1975 The New Guinea island is divided among two countries: Papua New Guinea to the east, and Indonesia to the west. On September 16, 1975, Australia granted full independence to Papua New Guinea.

1977 Opera singer Maria Callas spent her last years living largely in isolation in her Paris apartment. She died aged 53 on September 16, 1977, of a heart attack without receiving medical attention. Her ashes were scattered over the Aegean Sea, off the coast of Greece, according to her wishes.


1979 Rap music is a style of popular music that developed in the Bronx, New York City, in the 1970s and slowly spread across the country. The first rap records were made in 1979 by small, independent record companies. The Sugar Hill Gang released the first commercial rap hit, "Rapper's Delight," on September 16, 1979 bringing rap off the New York streets and into the mainstream popular music scene.


1983 On February 13, 1981, 11-year-old Donna Griffiths of Pershore, England, caught a cold and started sneezing. She carried on sneezing until September 16, 1983, 978 days later. It's still the world sneezing record.

1989 Boris Yeltsin abandoned communism partly due to a visit on September 16, 1989, to a medium-sized grocery store (Randall's) in Clear Lake, Houston, Texas. Leon Aron, quoting a Yeltsin associate, wrote in his 2000 biography, Yeltsin, A Revolutionary Life. "On his return to Moscow, Yeltsin would confess the pain he had felt after the Houston excursion: the 'pain for all of us, for our country so rich, so talented and so exhausted by incessant experiments'."

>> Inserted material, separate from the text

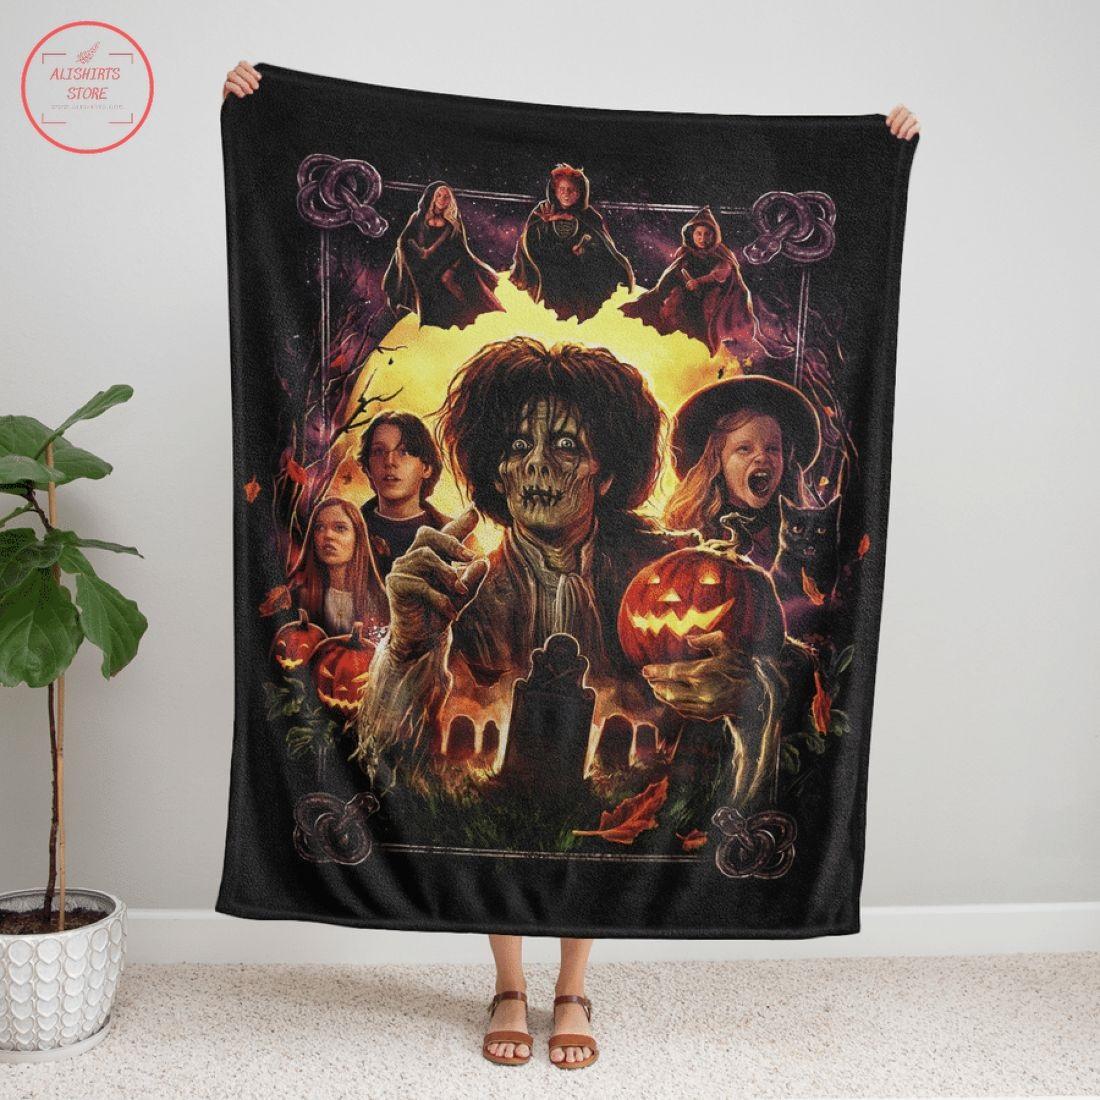 Hocus Pocus Another Glorious Morning Halloween Blanket

1994 The hole in the ozone layer was discovered above the Antarctic in 1985 and The Montreal Protocol to ban ozone-depleting chemicals such as CFCs was signed four years later. The United Nations General Assembly in 1994 designated September 16 as International Day for the Preservation of the Ozone Layer.

Ozone hole over Southern Hemisphere 1957-2001

According to research by the greetings card company Moonpig September 16th is the most common day for a birthday in the UK.